If change line 320 of classify.py (i'm using the latest 1.1a1 release
now) to a very simple try/except clause:
        try:
          prob = spamratio / (hamratio + spamratio)
        except:
          prob = 0

You can't replicate the error with the above script.

Is this a patch that should be submitted?  Is there a method for
submitting this?

Thanks!
Todd

On 7/14/06, Kenny Pitt <kenny.pitt at gmail.com> wrote:
> [I'm moving this over to spambayes-dev because it deals more with the code]
>
> On 7/13/06, Todd Kennedy <todd.kennedy at gmail.com> wrote:
> > I'm trying to integrate the spambayes package into my blogging
> > software as a comment spam filter.  I've read through a bunch of the
> > source, looked at the scripts provided and stuff and have a
> > rudimentary understanding of how the software works.  (i think).  but
> > i'm getting a ZeroDivisionError when I try to run the score method of
> > hammie.
> >
> > [...]
> >
> > The exception occurs at:
> >  File "/System/Library/Frameworks/Python.framework/Versions/2.3/lib/python2.3/site-packages/spambayes/classifier.py",
> > line 320, in probability
> >    prob = spamratio / (hamratio + spamratio)
> > ZeroDivisionError: float division
> >
> > I put in some simple print statements to print out nham, nspam,
> > spamcount and hamcount.  this is their output:
> > 22:14:52 (~)
> > todd at mothra> ./test_sp.py
> > spamcount 6
> > hamcount 6
> > nham 6
> > nspam 6
> > spamcount 6
> > hamcount 6
> > spamcount 6
> > hamcount 6
> > spamcount 6
> > hamcount 6
> > spamcount 0
> > hamcount 0
> > nham 6
> > nspam 6
> >
> > why would spamcount and hamcount go to 0?
>
> From the WordInfo class comments in classifier.py:
>
>     # ... spamcount is the
>     # number of trained spam msgs in which the word appears, and hamcount
>     # the number of trained ham msgs.
>
> So spamcount would be 0 if the current word has never been seen in a
> trained spam message, and similarly for hamcount.

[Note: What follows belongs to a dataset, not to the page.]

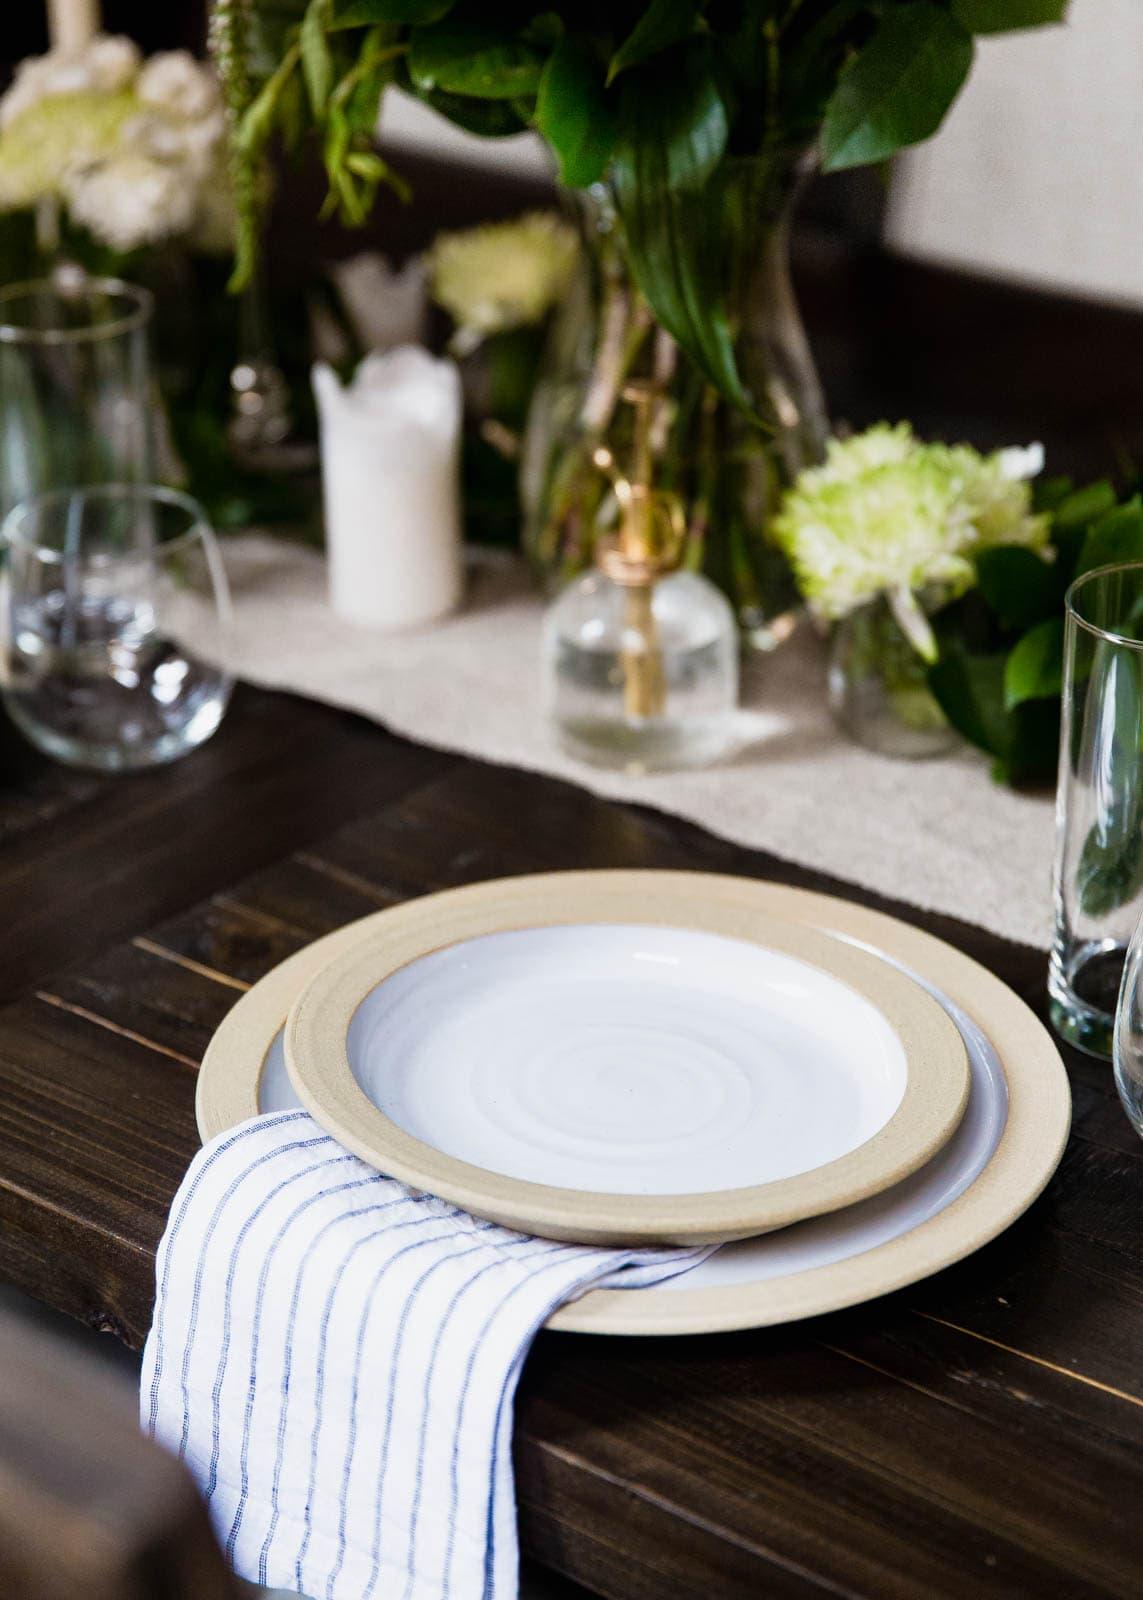 Farmhouse Pottery Plates <3
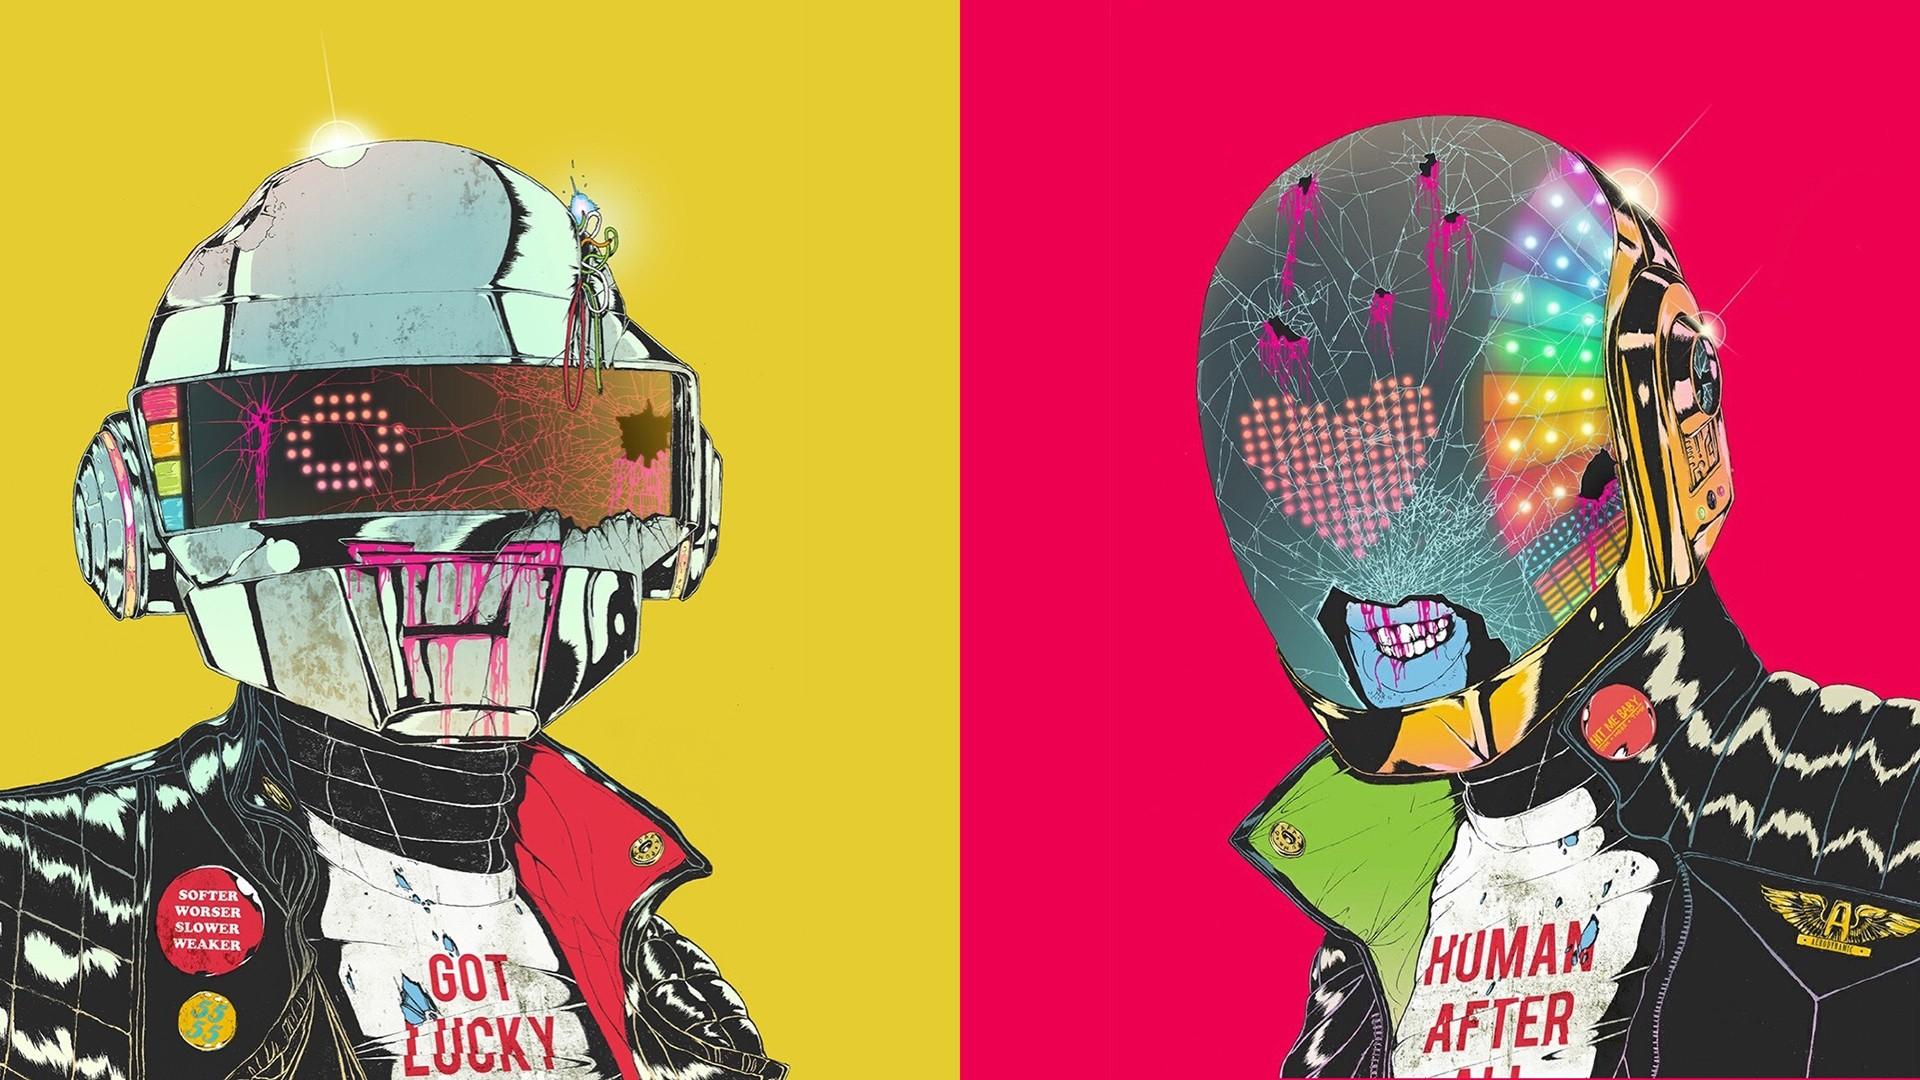 music, Daft Punk, cyborg - wallpaper #162992 (1920x1080px) on Wallls.com

A word will only
> appear in the training database if it has appeared in at least one
> message so you should never have a word with both counts 0. The
> _worddistanceget() function in the Classifier class deals with this by
> assigning a default probability to any word that does not appear in
> the training data, so the probability calculation should only run on
> trained words.
>
> It's hard to say how the code might have ended up in the probability()
> function with a word that wasn't in the training data. It might help
> to print which word produced each of the spamcount/hamcount pairs and
> compare those against the training data to see if there are any that
> don't appear in the training.
>
> It would also be interesting to know if you have ever tried to remove
> a message from the training data (i.e. untrain the message). When a
> message is removed, each word is checked to see if both counts have
> gone to 0 (see the _remove_msg function) and the word should be
> removed from the training data in that case. I see that you are using
> the Postgres storage engine. I'm guessing a little here, but I don't
> think Postgres has received as much testing as some of the other
> storage formats so it might be possible that the record didn't
> actually get deleted from the training database once both counts went
> to 0.
>
> --
> Kenny Pitt
>